RECOMMENDATION_PATH = "/content/drive/MyDrive/bd_movies_recommendation/notebooks/recomendaciones.csv"

def load_model_and_columns():
    """Carga el modelo y las columnas guardadas."""
    try:
        logging.info("Cargando modelo y columnas...")
        model = joblib.load(MODEL_PATH)
        columns = joblib.load(COLUMNS_PATH)
        logging.info(f"Modelo y columnas cargados correctamente. Número de columnas: {len(columns)}")
        return model, columns
    except Exception as e:
        logging.error(f"Error al cargar el modelo o las columnas: {str(e)}")
        raise

def load_data(db_path):
    """Carga los datos de la base de datos SQLite."""
    try:
        logging.info("Cargando datos desde la base de datos...")
        conn = sqlite3.connect(db_path)
        df_ratings = pd.read_sql_query("SELECT userId, movieId, rating FROM ratings", conn)
        df_movies = pd.read_sql_query("SELECT movieId, title FROM movies", conn)
        conn.close()
        logging.info(f"Datos cargados correctamente. Ratings: {df_ratings.shape}, Movies: {df_movies.shape}")
        return df_ratings, df_movies
    except Exception as e:
        logging.error(f"Error al cargar datos: {str(e)}")
        raise

def generate_recommendations(model, columns, df_ratings, df_movies):
    """Genera recomendaciones para todos los usuarios."""
    try:
        logging.info("Generando recomendaciones...")
        user_movie_matrix = df_ratings.pivot(index='userId', columns='movieId', values='rating').fillna(0)

        # Ajustar columnas
        missing_cols = [col for col in columns if col not in user_movie_matrix.columns]
        if missing_cols:
            logging.warning(f"Faltan columnas en los datos: {missing_cols}")

        user_movie_matrix = user_movie_matrix.reindex(columns=columns, fill_value=0)

        logging.info(f"Shape de la matriz ajustada: {user_movie_matrix.shape}")

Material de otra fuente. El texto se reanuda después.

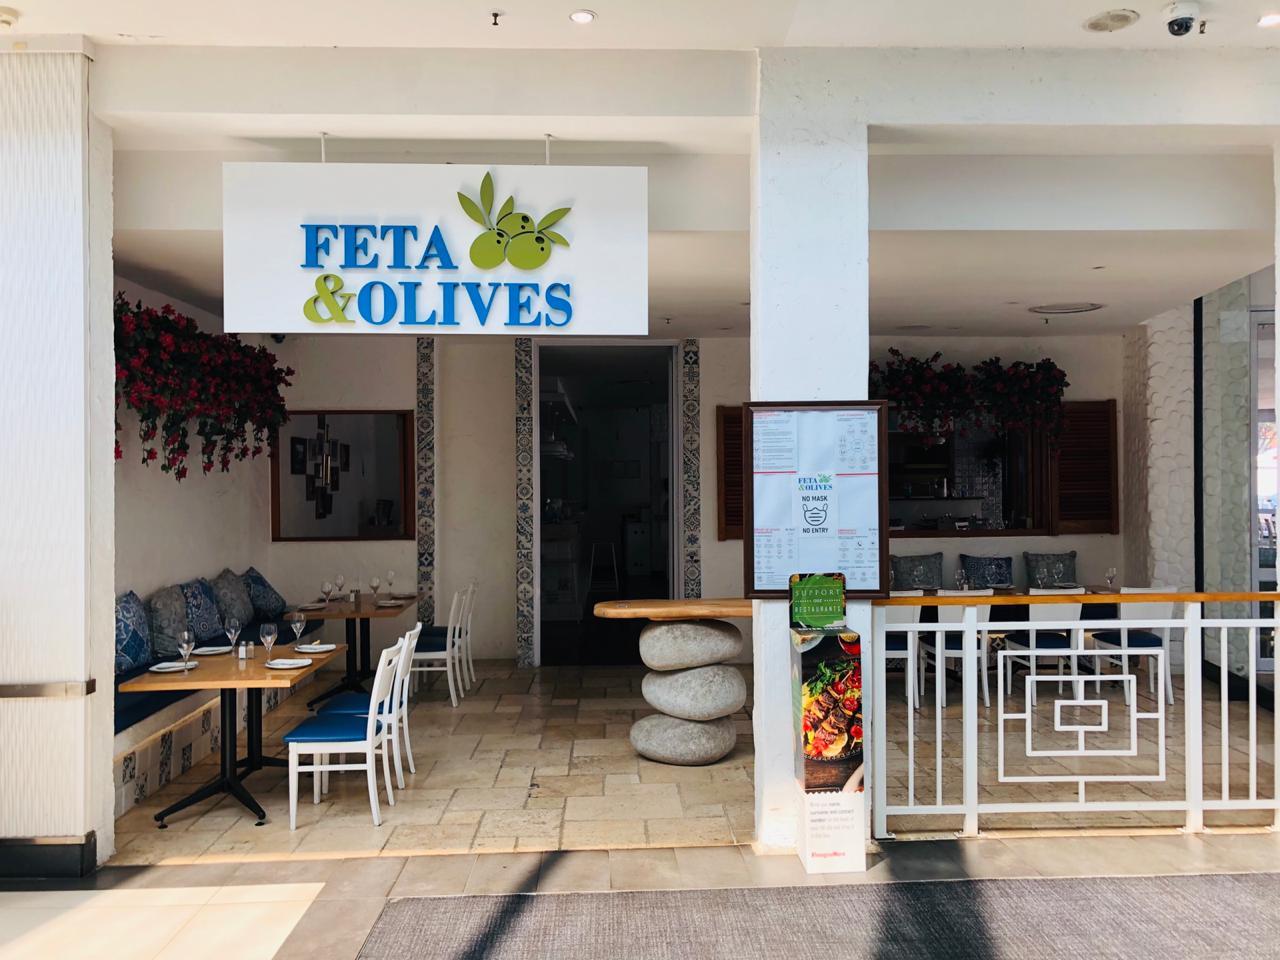 Feta & Olives Restaurant (Previously PLAKA)

        recommendations = []

        for user_id in user_movie_matrix.index:
            user_vector = user_movie_matrix.loc[user_id].values.reshape(1, -1)
            distances, indices = model.kneighbors(user_vector, n_neighbors=5)

            recommended_movie_ids = user_movie_matrix.columns[indices[0]].tolist()

            for movie_id in recommended_movie_ids:
                try:
                    title = df_movies[df_movies['movieId'] == movie_id]['title'].values[0]
                    recommendations.append((user_id, movie_id, title))
                except IndexError:
                    logging.warning(f"Movie ID {movie_id} no encontrado en df_movies.")

        recommendations_df = pd.DataFrame(recommendations, columns=['userId', 'movieId', 'title'])
        logging.info("Recomendaciones generadas correctamente.")
        return recommendations_df

    except Exception as e:
        logging.error(f"Error al generar recomendaciones: {str(e)}")
        raise

def save_recommendations(recommendations_df):
    """Guarda las recomendaciones en un archivo CSV."""
    try:
        logging.info(f"Guardando recomendaciones en {RECOMMENDATION_PATH}...")
        recommendations_df.to_csv(RECOMMENDATION_PATH, index=False)
        logging.info("Recomendaciones guardadas correctamente.")
    except Exception as e:
        logging.error(f"Error al guardar recomendaciones: {str(e)}")
        raise

def main():
    try:
        logging.info("Inicio del proceso de generación de recomendaciones.")
        model, columns = load_model_and_columns()
        df_ratings, df_movies = load_data(DATA_PATH)
        recommendations_df = generate_recommendations(model, columns, df_ratings, df_movies)
        save_recommendations(recommendations_df)
        logging.info("Proceso completado exitosamente.")
    except Exception as e:
        logging.error(f"Error durante el proceso principal: {str(e)}")

if __name__ == "__main__":
    main()